GaussianNB(priors=None, var_smoothing=1e-09)

In [46]:
gnb.score(X_train,y_train)

0.5789473684210527

In [47]:
gnb.score(X_test,y_test)

0.4666666666666667

> Using Gaussian Naive Bayes did not produce better predictions than the naive accuracy. One potential reason for this is that given the dataset that I had, there is not enough prior information. 

<a id='xgboost'></a>
## XGBoost Model

In [66]:
#Instantiate XGBoost model.
model = XGBClassifier()
model.fit(X_train, y_train)

#Calculate predictions for test set.
y_pred = model.predict(X_test)
predictions = [round(value) for value in y_pred]

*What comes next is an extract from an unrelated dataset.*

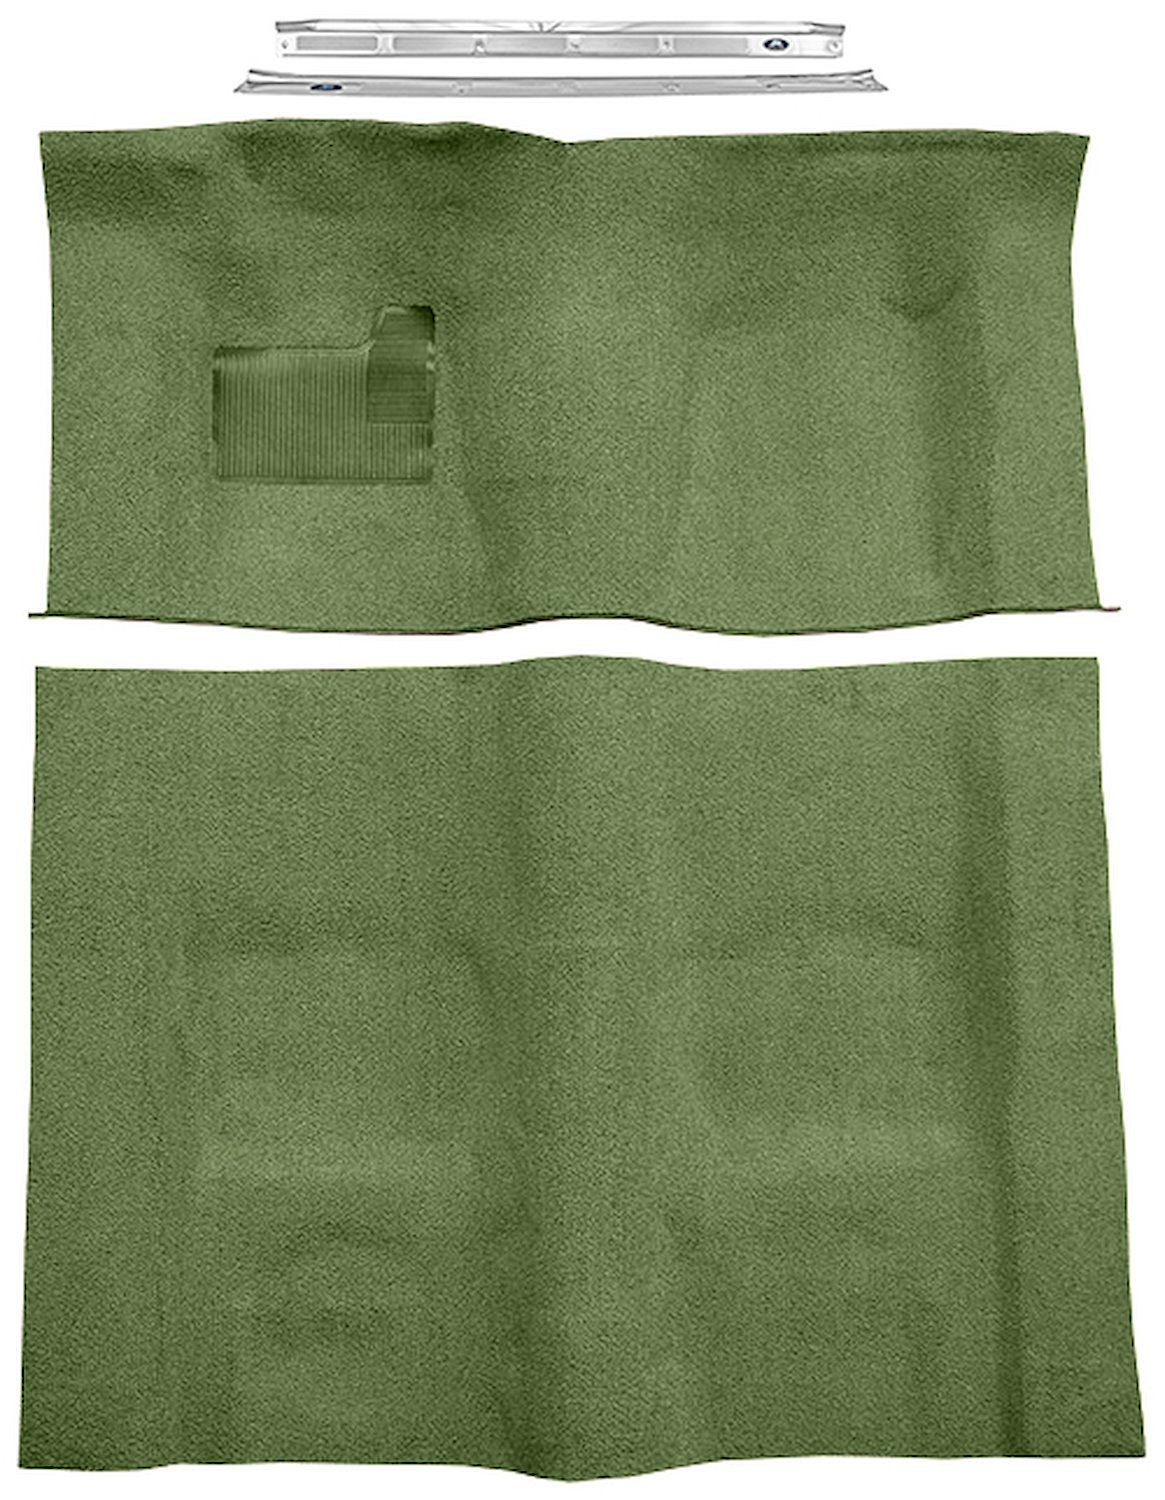 Willow Green Molded-Cut-Pile Carpet Kit for 1974-1975 Chevrolet Camaro, Pontiac Firebird w/Automatic Transmission [Mass Backing]

#Calculate accuracy of model.
accuracy = accuracy_score(y_test, predictions)
print(f'Accuracy: {np.round(accuracy * 100.0,2)}%')

Accuracy: 64.44%


> XGBoost got the best accuracy score of all the models with 64.44%. While this is an improvement on all of the other models, I would not say this is a great score. 

<a id='conclusion'></a>
## Conclusions  
  
There is some signal coming from Trump's tweets to predict what his campaign donations are going to be. Although, none of the models were able to predict whether or not his donations would go up or down with an accuracy above 64.4%. Intuitively this might make sense. Trump's tweets tend to be reactionary to events happening in the world, thus the predictive ability of his tweets might be residual signal from other factors. As mentioned in the original cleaning of the data it might make sense to look at other information such as who specifically gave donations or at what frequency. My conclusion is that there isn't any significant reason to believe the words in Trump's tweets influence his campaign donations.